I start up the telnet server in a Fedora matchine. The configure file "/etc/xinit.d/telnet" is:
service telnet
{
disable = no
flags = REUSE
socket_type = stream
wait = no
user = root
server = /usr/sbin/in.telnetd
log_on_failure += USERID
}
I can only telnet to this matchine with other users except root. How can I telnet to this server by root.

Thanks

I will not answer your question. Others would do the same? No one ever want to telnet as root and any OS. Very very unsafe. Prefer to use ssh. Open port 22 in iptables and use secure shell.

Round #2
telnet in as your normal user, then type:
su -

I want to know how the telnet server works. I have seen some systems can be telnet by root, so I want to know how to do that.

telnet access is controlled by pam with file /etc/pam.d/login.
The first line of this file shows
auth required pam_securetty.so
pam_securetty.so use file /etc/securetty which lists ttys from which root can log in.

I will not answer your question. Others would do the same? No one ever want to telnet as root and any OS. Very very unsafe. Prefer to use ssh. Open port 22 in iptables and use secure shell.
I think that security is better when you know how it works.
Round #2
telnet in as your normal user, then type:
su -
Why su - is better than direct login?

I read the files /etc/pam.d/login and /etc/securetty in two systems( one can be login with root, the other can't). But they are exactly same. So I think these two files can't control the access permission of telnet.

Why su - is better than direct login?

One argument is that an attacker will have to discover/brute-force two passwords instead of one. A regular user password and, then, the root password. Also, root is an obvious try for someone trying to hack into a Linux system; by not allowing a root login, you force the attacker to discover a valid username (not really unbreakable security, but every bit helps).

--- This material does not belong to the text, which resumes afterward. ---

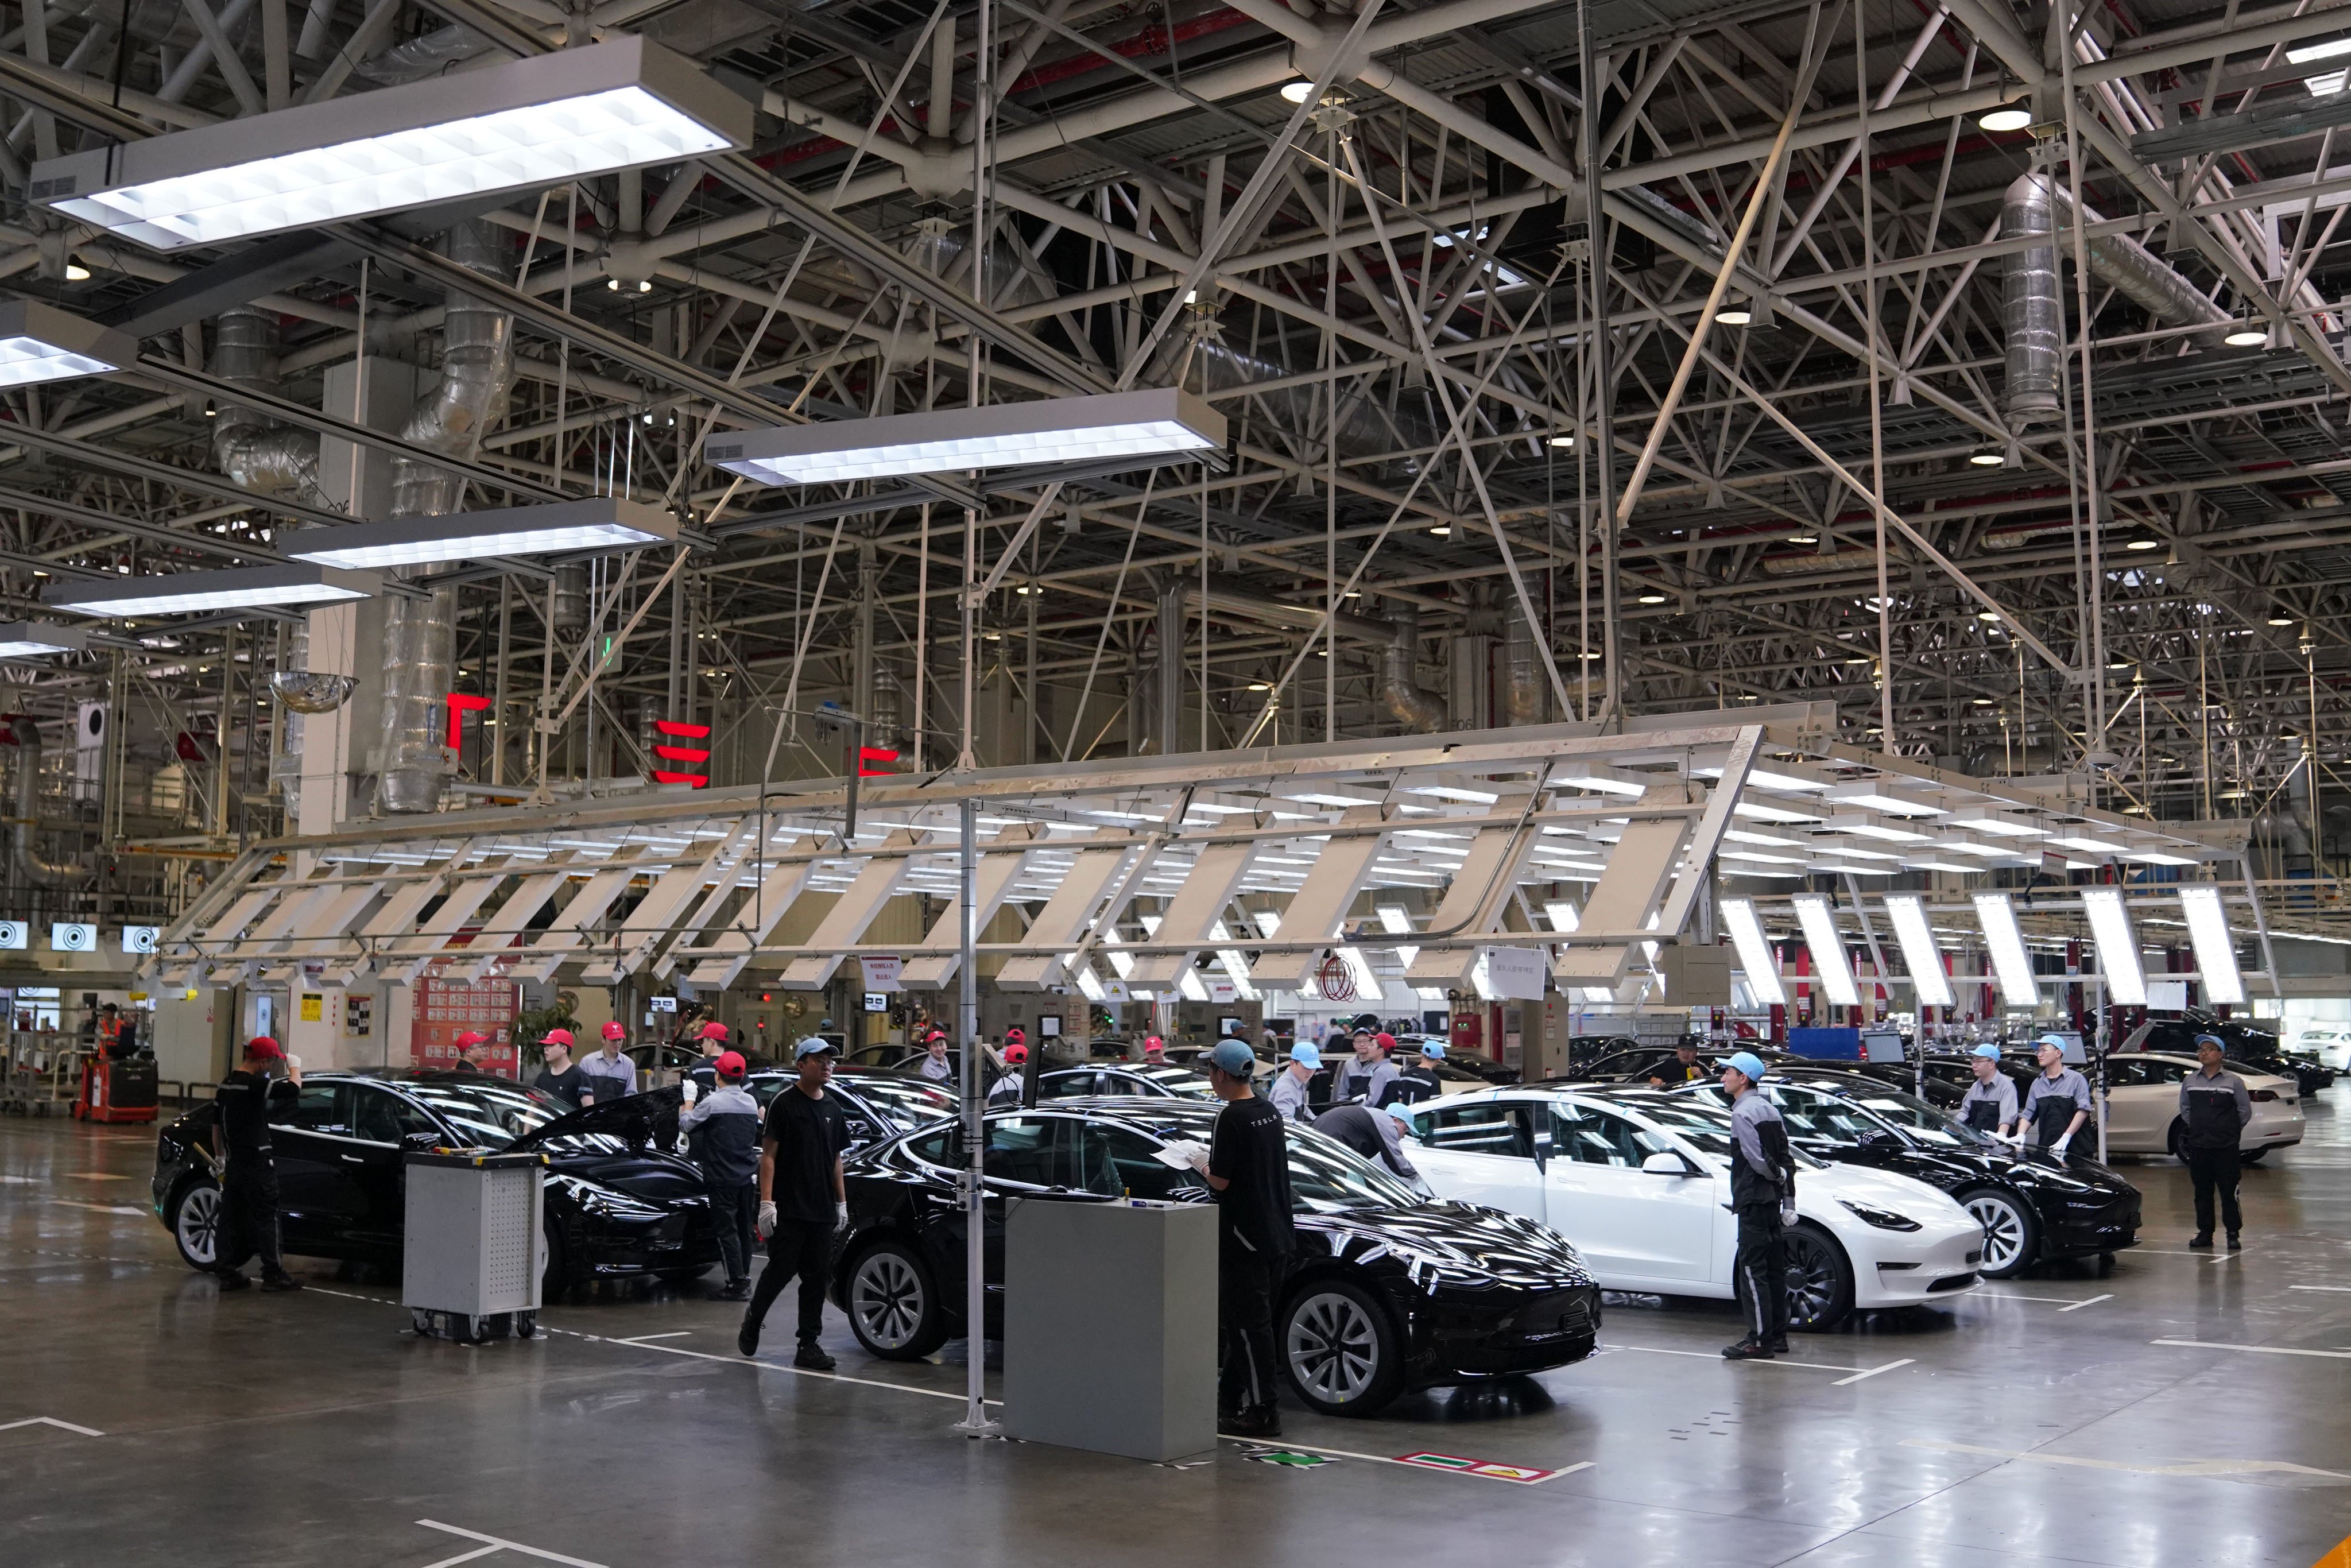 Only a few dozen employees at the Gigafactory 3 were told to leave, a tiny portion of the assembly workforce, say two people with knowledge. Photo: Xinhua

But take care of telnet. Unless the connections occurs within a trusted network (i.e. not the internet), you should use ssh. Telnet is not encrypted and all you communication will occur in plaintext; this is bad because someone listening to the network can discover your passwords and gain access to your system really fast.

For the sake of completeness, you can encrypt a telnet session by running it through a ssh tunnel; but then you could use just ssh instead (unless you really need telnet for some app that doesn't like ssh's terminal emulation).

How do you use ssh to access to a system?

How do you use ssh to access to a system?

Basically, you run sshd (the ssh server) at the machine you want to access. Then, you type "ssh username@address" at the client machine like you do with telnet.

A tutorial by Firewing1 for configuring many servers, including ssh, can be read here: http://forums.fedoraforum.org/showthread.php?t=94257&highlight=ssh+server

For a better understanding of what ssh is, check this link: http://old.cpsc.ucalgary.ca/Help/internet/ssh/intro.html

I read the files /etc/pam.d/login and /etc/securetty in two systems( one can be login with root, the other can't). But they are exactly same. So I think these two files can't control the access permission of telnet.

Well they do ! Maybe someone doctored the links in /lib/security . There are many bad ways to hackup local security. You can "trace -f" the telnetd and see exactly what it is doing.